FDA Approves Myalept for Lipodystrophy Treatment

The US Food and Drug Administration (FDA) approved Myalept, a drug form of the hormone leptin, for the treatment of lipodystrophy. The drug regulates metabolism and curbs the appetite of affected patients, according to a statement provided by UT Southwestern Medical Center.

Lipodystrophy, a rare disorder affecting 300 to 500 people worldwide, is defined by insufficient fat tissue often resulting in insulin resistance. While most patients are affected in childhood, the disease also leads to diabetes or hypertriglyceridemia that can inflame the pancreas. Traditional treatment for lipodystrophy included high-dose insulin plus triglyceride- or lipid-lowering medications.

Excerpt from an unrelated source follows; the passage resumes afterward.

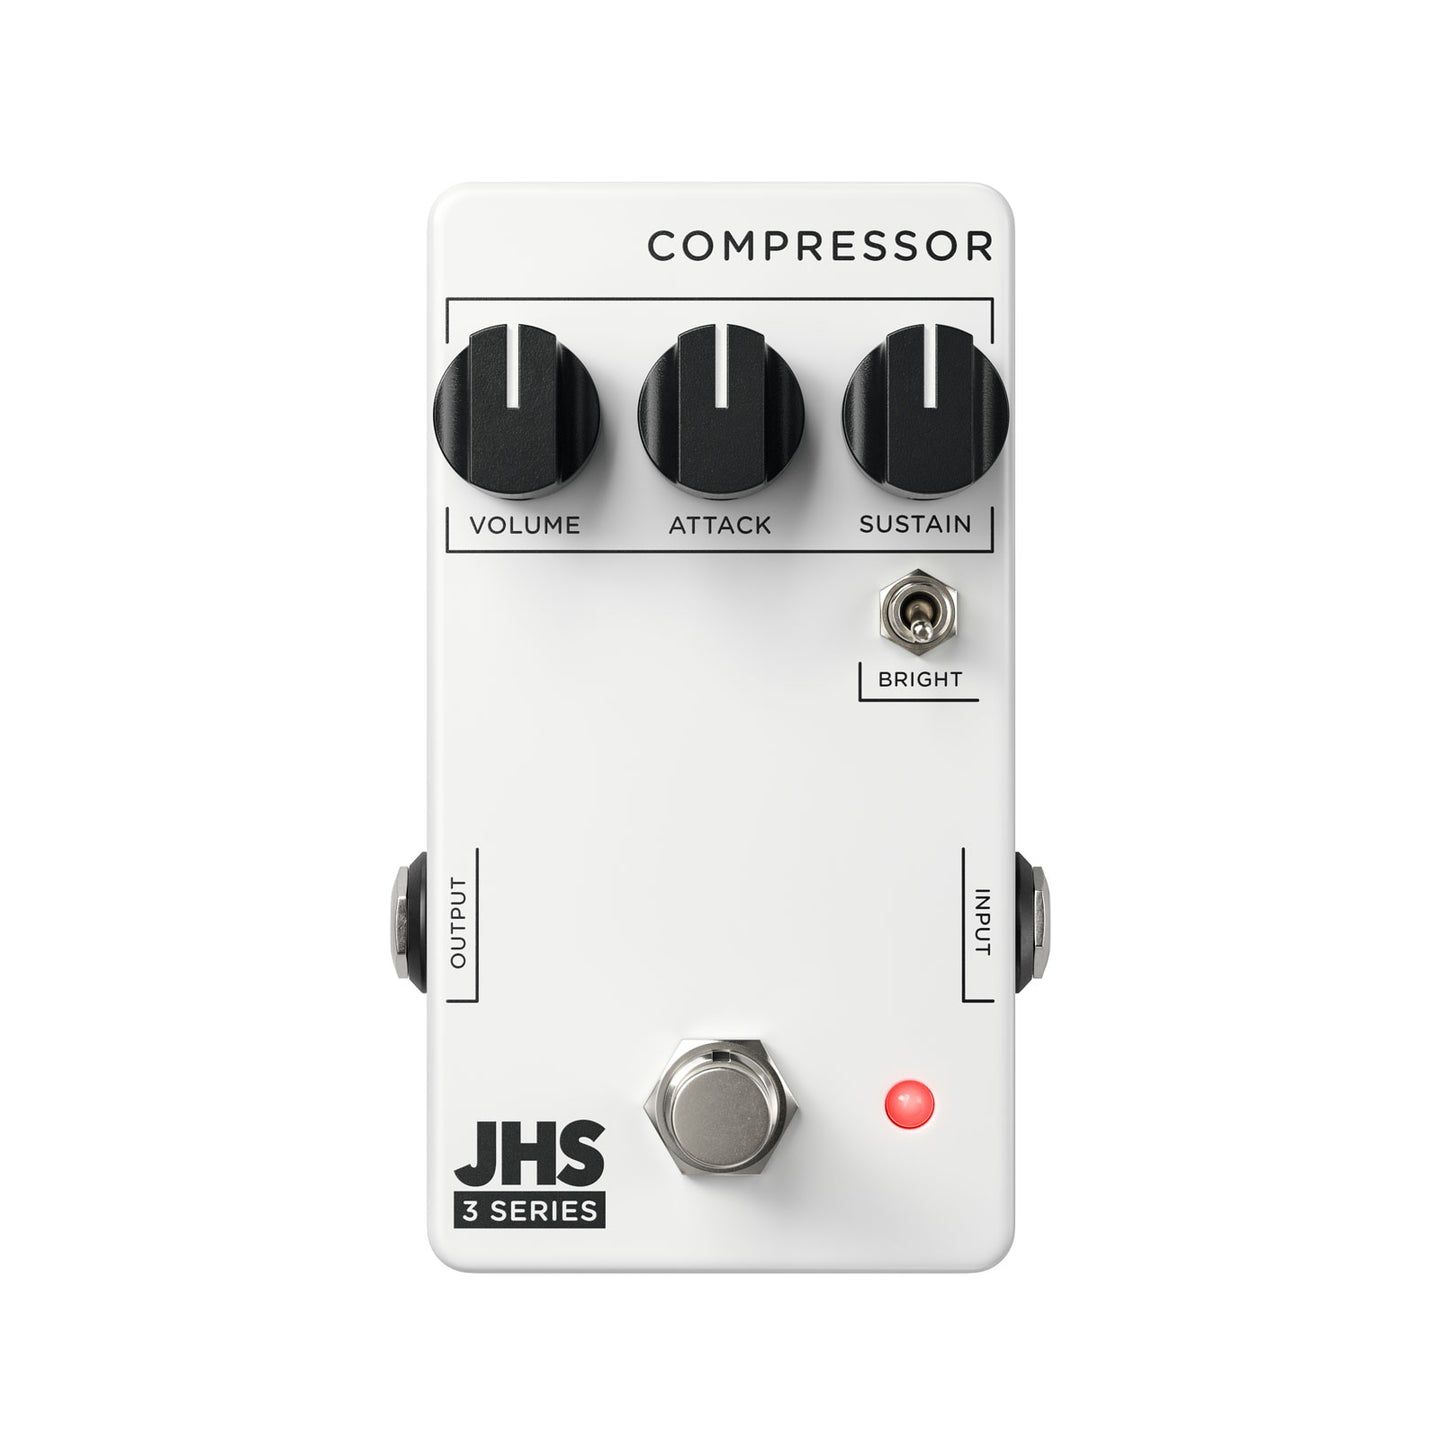 JHS 3 Series Compressor 2020

To ensure Myalept’s safety, its effects were explored in a single-arm study, the FDA explained in a statement. For their study, 48 patients with diabetes mellitus, hypertriglyceridemia and/or elevated levels of fasting insulin who also had congenital or acquired generalized lipodystrophy were observed under treatment of Myalept. Under the trial, patients experienced reductions in HbA1c, a measure of blood sugar control, fasting glucose, and triglycerides. The FDA is requiring 7 additional studies to understand the risks and long term effects of Myalept.

However, there were some observed limitations to leptin therapy. The prevalence of certain antibodies could neutralize the effects of leptin, decreasing the usefulness of Myalept. Side effects of Myalept include hypoglycemia, headache, decreased weight, and abdominal pain.

Abhimanyu Garg, MD, who has lipodystrophy treatments for 3 decades and assisted with the trial, believes leptin therapy provides relief to lipodystrophy patients.

“Many lipodystrophy patients have benefited from leptin therapy,” Garg said. “While it is not a cure, leptin does help manage complications that can include diabetes, high blood lipids, and accumulation of fat in the liver.”